The long run: the natural rate of unemployment

The natural rate of unemployment is not “natural” in the sense that water freezes at 32 degrees Fahrenheit or boils at 212 degrees Fahrenheit. It is not a physical and unchanging law of nature. Instead, it is only the “natural” rate because it is the unemployment rate that would result from the combination of economic, social, and political factors that exist at a time—assuming the economy was neither booming nor in recession. These forces include the usual pattern of companies expanding and contracting their workforces in a dynamic economy, social and economic forces that affect the labor market, or public policies that affect either the eagerness of people to work or the willingness of businesses to hire.
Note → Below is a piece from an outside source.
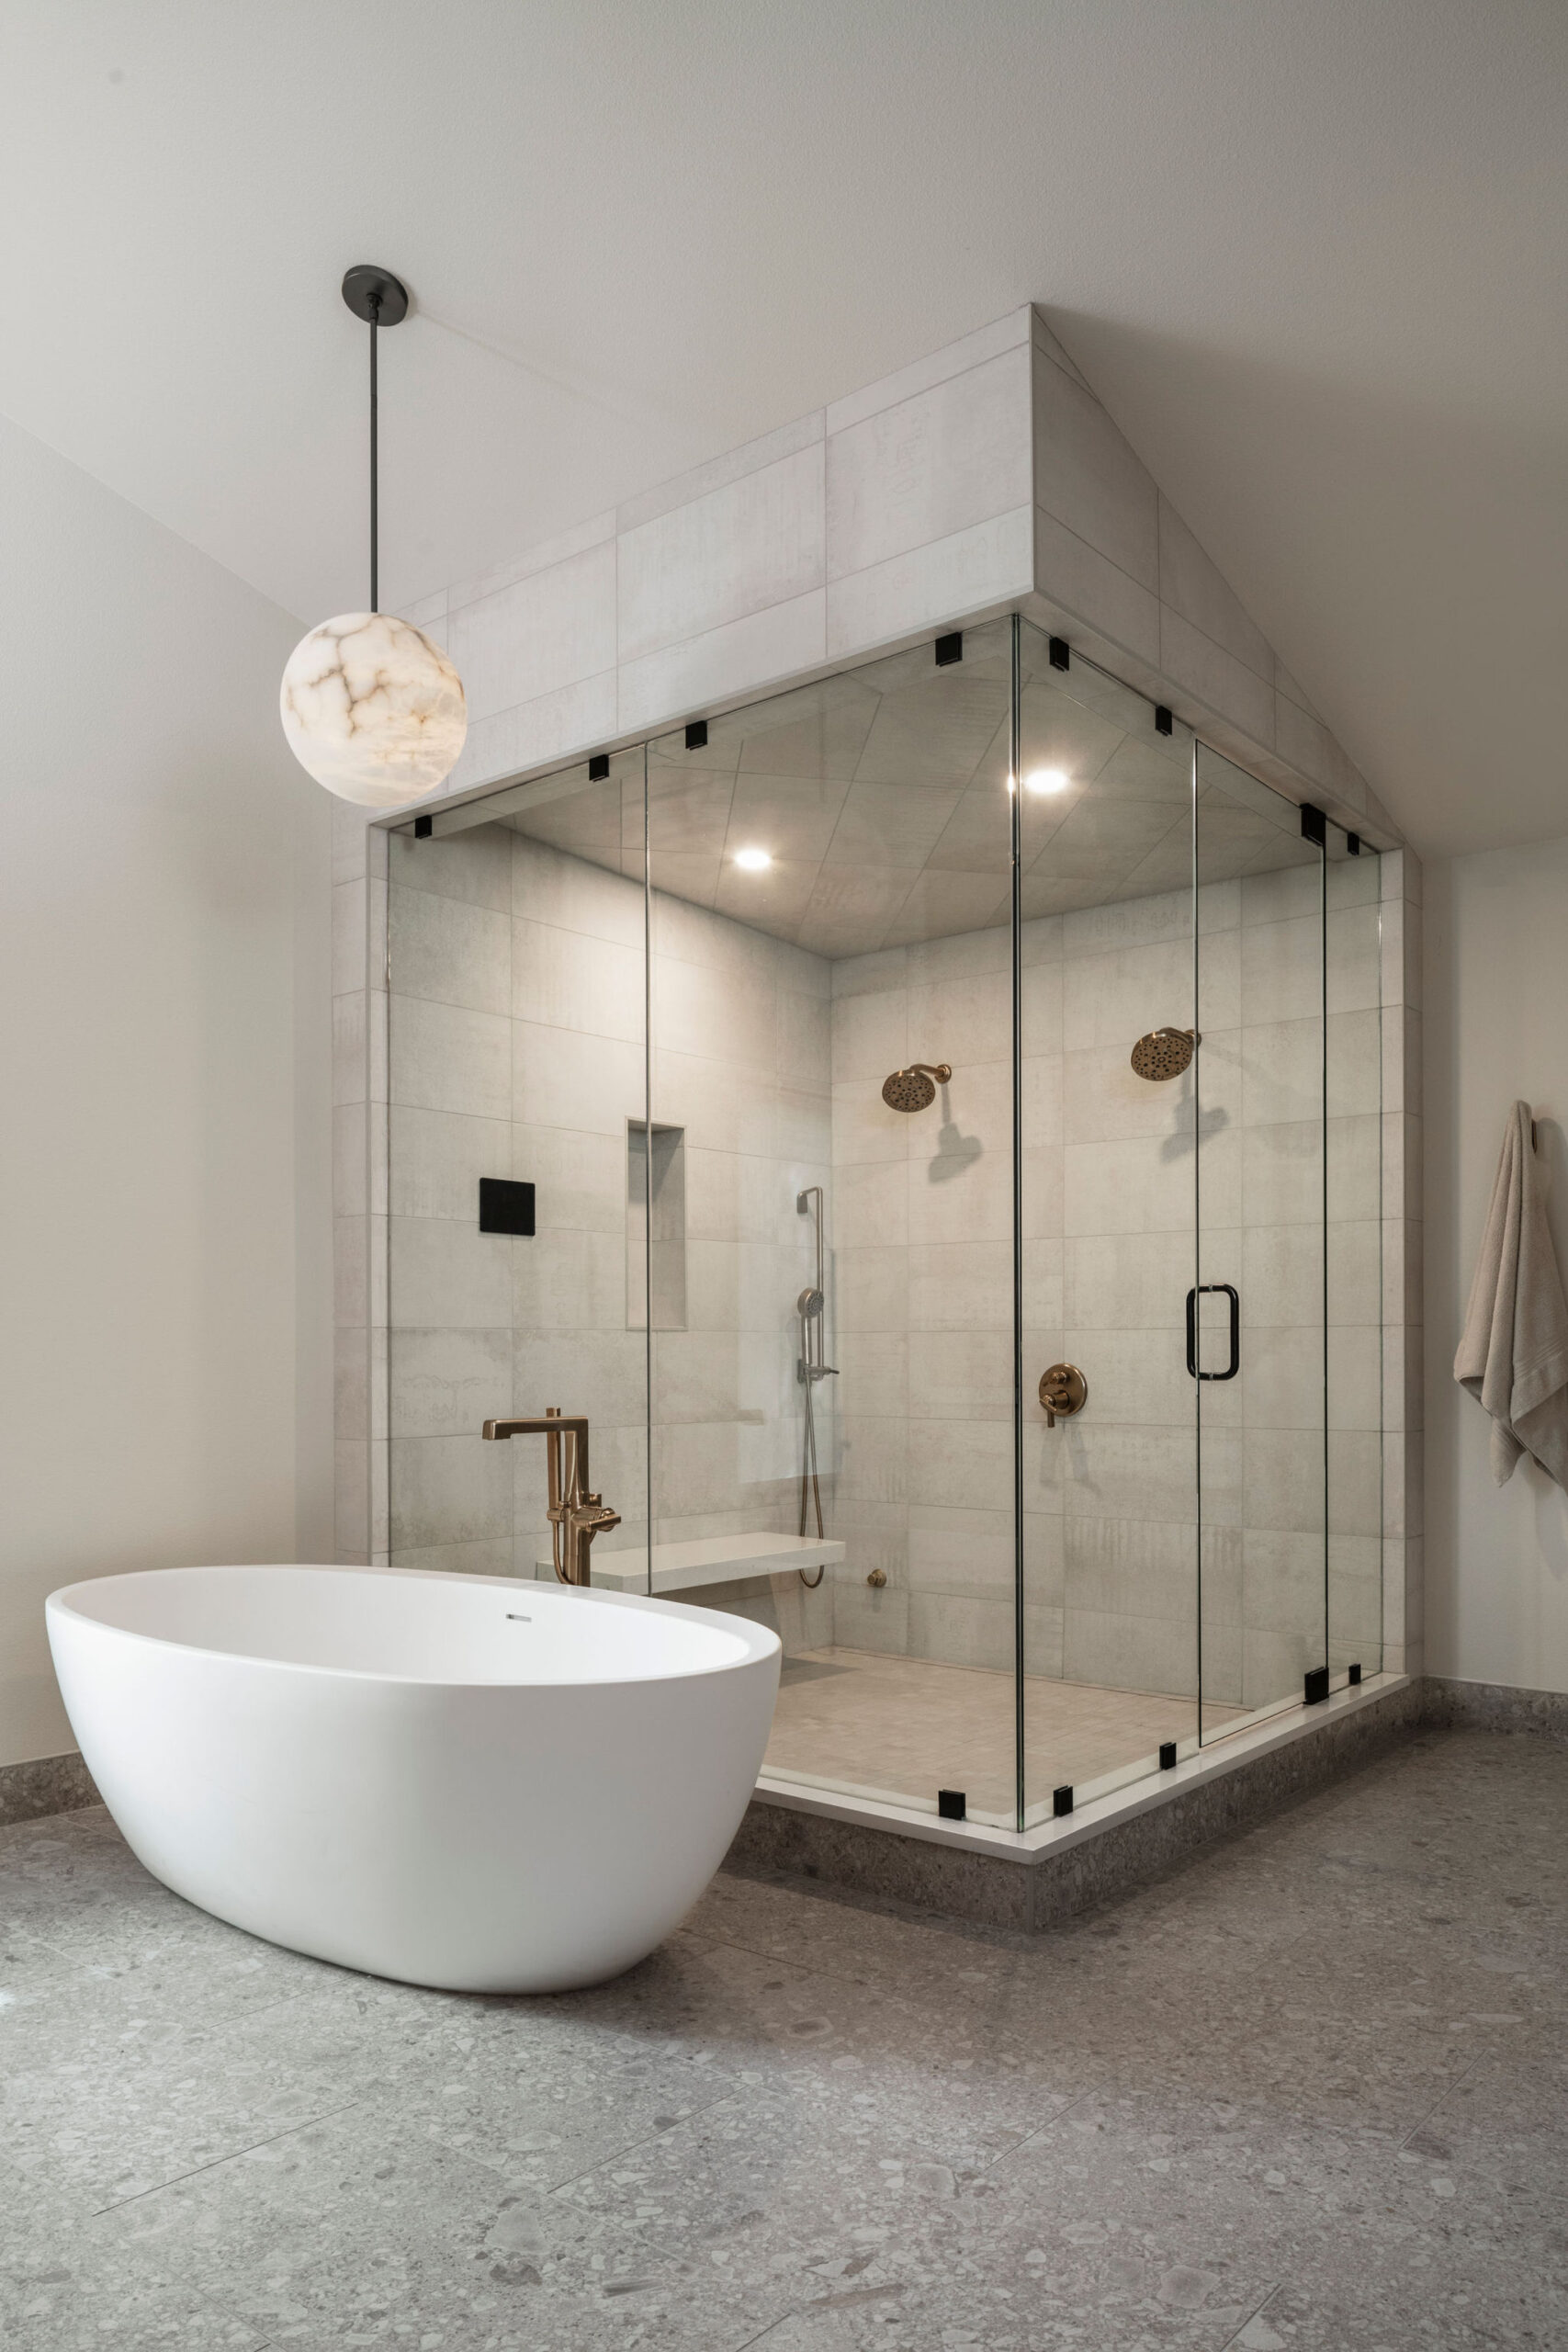 Wildflower custom home - master bath with Japanese soaker tub, double glassed-in shower

Let’s discuss these factors in more detail.

Frictional unemployment

In a market economy    , some companies are always going broke for a variety of reasons: old technology; poor management; good management that happened to make bad decisions; shifts in tastes of consumers so that less of the firm’s product is desired; a large customer who went broke; or tough domestic or foreign competitors. Conversely, other companies will be doing very well for just the opposite reasons and looking to hire more employees. In a perfect world, all of those who lost jobs would immediately find new ones. But in the real world, even if the number of job seekers is equal to the number of job vacancies, it takes time to find out about new jobs, to interview and figure out if the new job is a good match, or perhaps to sell a house and buy another in proximity to a new job. The unemployment that occurs in the meantime, as workers move between jobs, is called frictional unemployment    . Frictional unemployment is not inherently a bad thing. It takes time on part of both the employer and the individual to match those looking for employment with the correct job openings. For individuals and companies to be successful and productive, you want people to find the job for which they are best suited, not just the first job offered.